Canon 28mm f/1.8
Canon EF 28mm f/1.8.
SHARPNESS and COMA
It's very sharp, as expected. Also, as expected for a wide lens with a fast aperture, it's a little soft wide open.
Even at f/1.8 it's great for hand-held low-light shooting, but if you're shooting test charts or astronomy, stop down to f/2.8 or spend $1,000 on an L lens like the 24mm /1.4L, 35mm f/1.4L or the Nikon 28mm f/1.4 on a Nikon if you need perfect sharpness wide open.
For regular photography, don't worry: it looks great at every aperture, and if you want perfect test sharpness, shoot at f/2.8 or smaller.
The low contrast wide open comes from spherical aberration, which means that there is always a sharp image, but a veiling haze appears over it wide open.
Stopped down to f/2.8 it's fine for astronomy, too. Here are stars in the moonlit sky.
Resort by Moonlight. Canon 28mm f/1.8 at f/2.8, Canon 5D at ISO 800, 8 seconds.
Here's a complete guide image from my full-frame Canon 5D, from which I will show you crops.
Full image, Canon 28mm f/1.8, full-frame Canon 5D.
Here are crops from the center of the above image at 100%. Remember, the complete image printed at this same magnification would be 44" (1.1m) wide:
Canon 28mm f/1.8 at f/1.8, crop from center of 100% image.

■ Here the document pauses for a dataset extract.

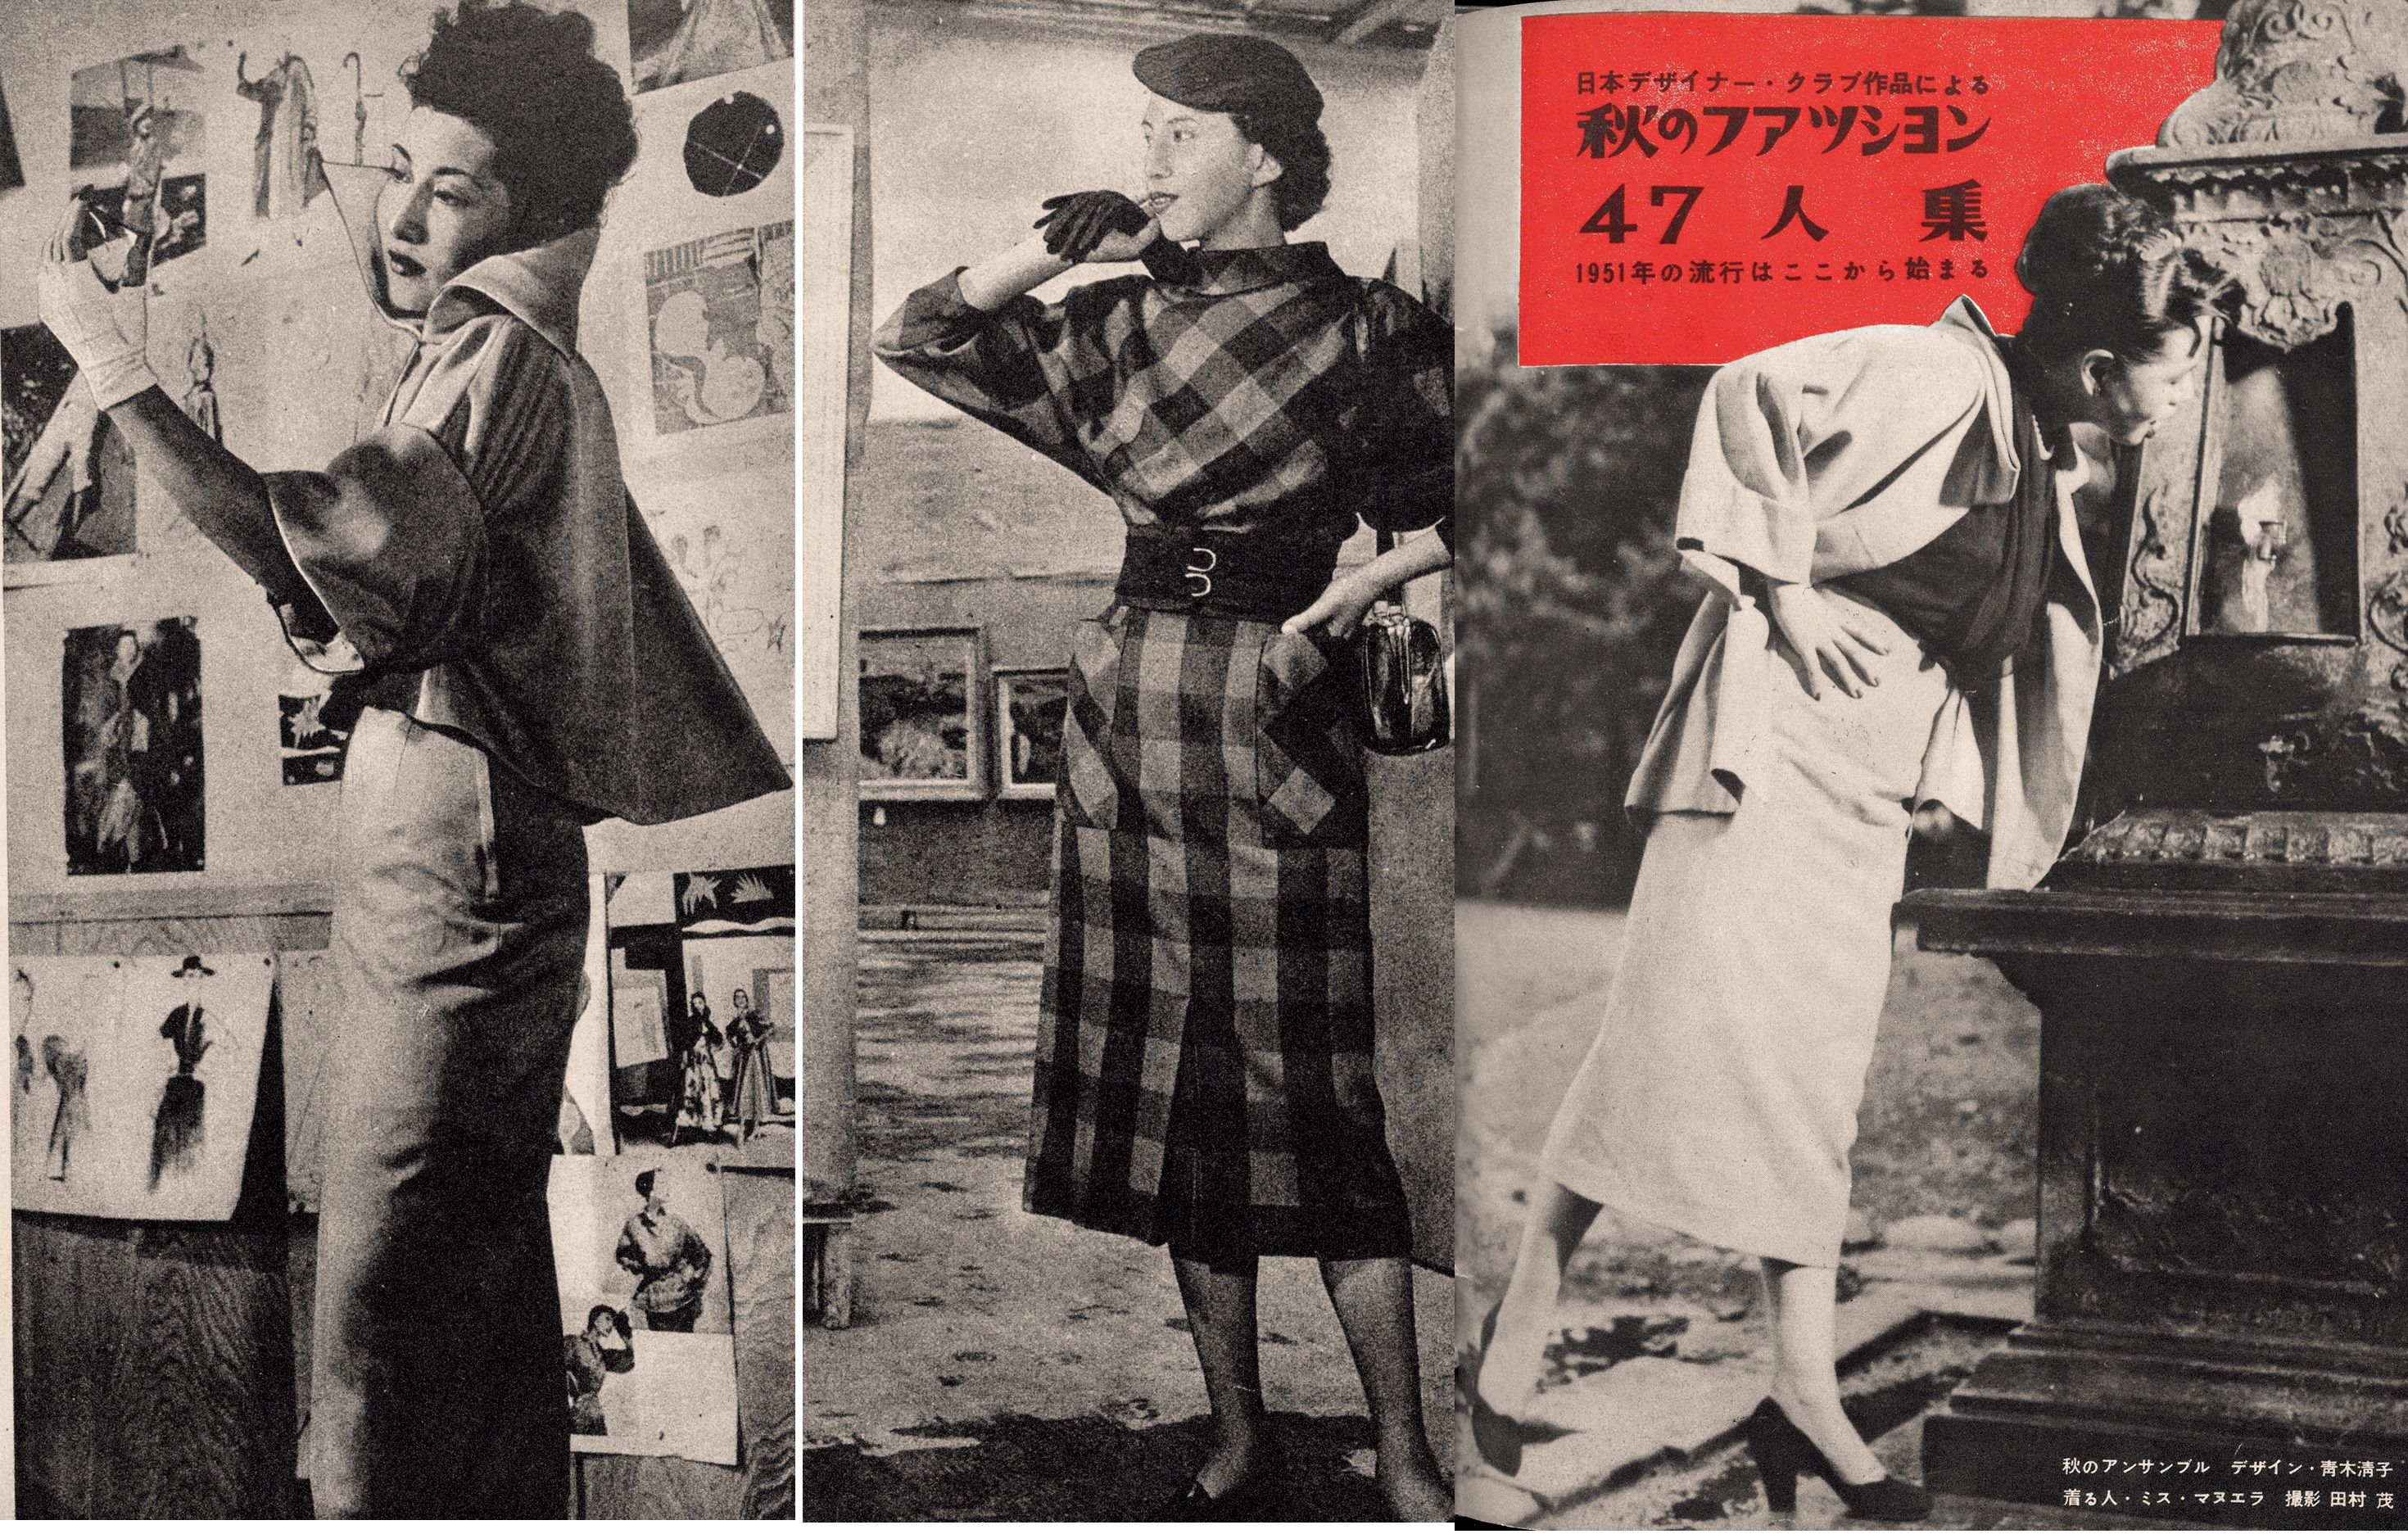 婦人画報 のファッション From 1940 To 1970s 戦後の女性たちのおしゃれを追いかけた貴重な記録
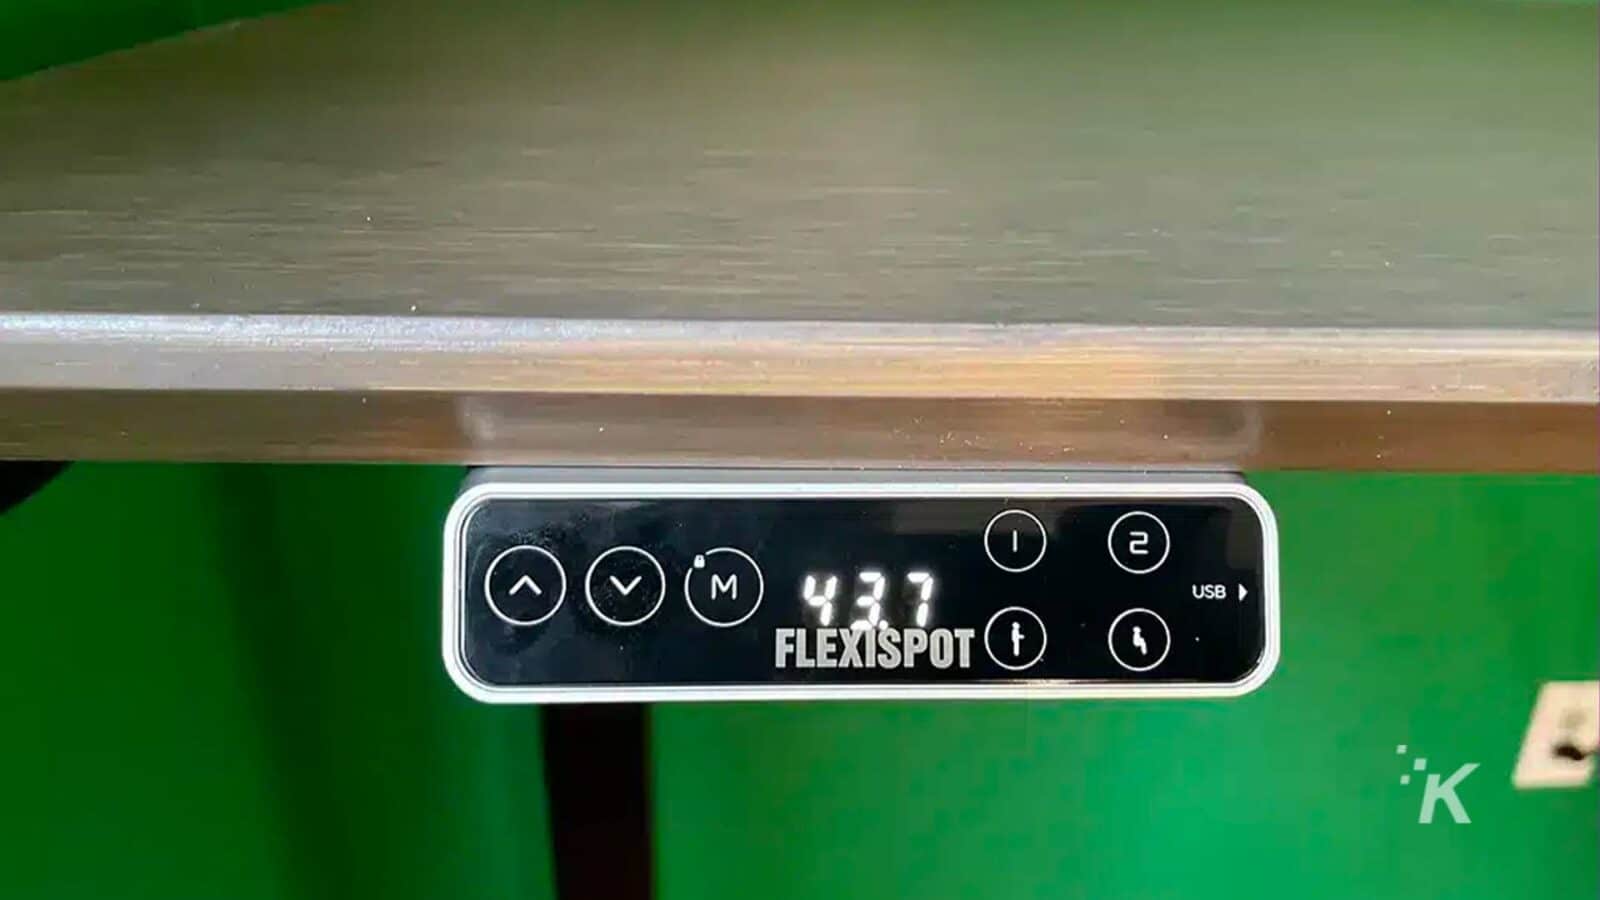 L'immagine mostra un cavo USB collegato a un dispositivo FlexiSpot. Testo completo: - VM) 437 2 1 USB od FLEXISPOT K

See the slight veiling? That's what happens if you're dumb enough to shoot at f/1.8 in broad daylight. In dark situations where you'd really use f/1.8 hand-held, it looks fine. This is normal and the sort of thing you'd probably never notice until you owned the lens 5 years, then if you saw it for the first time you might worry. Not to worry; this is what this lens does.
Canon 28mm f/1.8 at f/2, crop from center of 100% image.
Even stopping down 1/3 stop to f/2 improves the image.
Canon 28mm f/1.8 at f/2.8, crop from center of 100% image.
By f/2.8 the center of the image is perfectly sharp, so long as your subject is within the small depth of field at f/2.8.
Canon 28mm f/1.8 at f/4, crop from center of 100% image.
This shot's for free: the image is as sharp as it's going to get by f/2.8 in the center, so f/4 looks the same. Diffraction will start to soften the image at f/11 and smaller, as it does on all lenses.
Top Right Corner, Full-Frame
Here are crops from the top right corner of a full-frame image at 100%. Like all wide lenses, performance gets worse as one gets further away from the center, so the corner of a full-frame image is the toughest test. It will be better on a 1.3x (1D Mk III) and much better on a 1.6x (Rebel and 30D) image.
Canon 28mm f/1.8 at f/1.8, crop from top right of 100% image.
This is softer due to the veiling of the spherical aberration, but notice that there is a sharp core as well. The details are here, hiding behind lower contrast. It's also a bit darker in the corner due to the slight falloff.
Canon 28mm f/1.8 at f/2, crop from top right of 100% image.
Stopping down a third of a stop to f/2 is an improvement, both in improving falloff and sharpness.
Canon 28mm f/1.8 at f/2.8, crop from top right of 100% image.
f/2.8 is much better than f/2, but since we're in a far corner, still not as sharp as in the center at f/2.8.
Canon 28mm f/1.8 at f/4, crop from top right of 100% image.
By f/4 even the corners are great. f/2.8 is all you need for perfect sharpness, but if you're looking at it with a microscope like this, then stop down to f/4.
Coma is what makes points of light in the corners look like blobs or comas instead of points. If a lens has coma, it's visible at only the widest apertures. Coma is caused by spherical aberration.
The Canon 28mm f/1.8 has pronounced coma at f/1.8 and f/2, and it goes away at f/2.8.
Full-frame image, Canon 28mm f/1.8 at f/1.8 for 6 seconds, 5D at ISO 200.
See what looks like Saturn in the upper left along the top edge? It's actually Jupiter, and should look like a point, not a blob. The huge bright thing is a 12 day old moon (3/4 full). The blobs at the bottom left and right also are not as we'd like them. These blobs are coma.
Full-frame image, Canon 28mm f/1.8 at f/2 for 8 seconds, 5D at ISO 200.
Stopping down a third of a stop to f/2 is a small improvement.
Full-frame image, Canon 28mm f/1.8 at f/2.8 for 16 seconds, 5D at ISO 200.
By f/2.8 the coma is gone, hooray!
Full-frame image, Canon 28mm f/1.8 at f/4 for 32 seconds, 5D at ISO 200.
f/4 is even a little better, and as you can see under Sunstars, the little points of light are starting to grow points. Jupiter now looks a little bit elongated, but that's due to Earth movement making it appear to move towards the lower right, This longer 32 second exposure brings that out.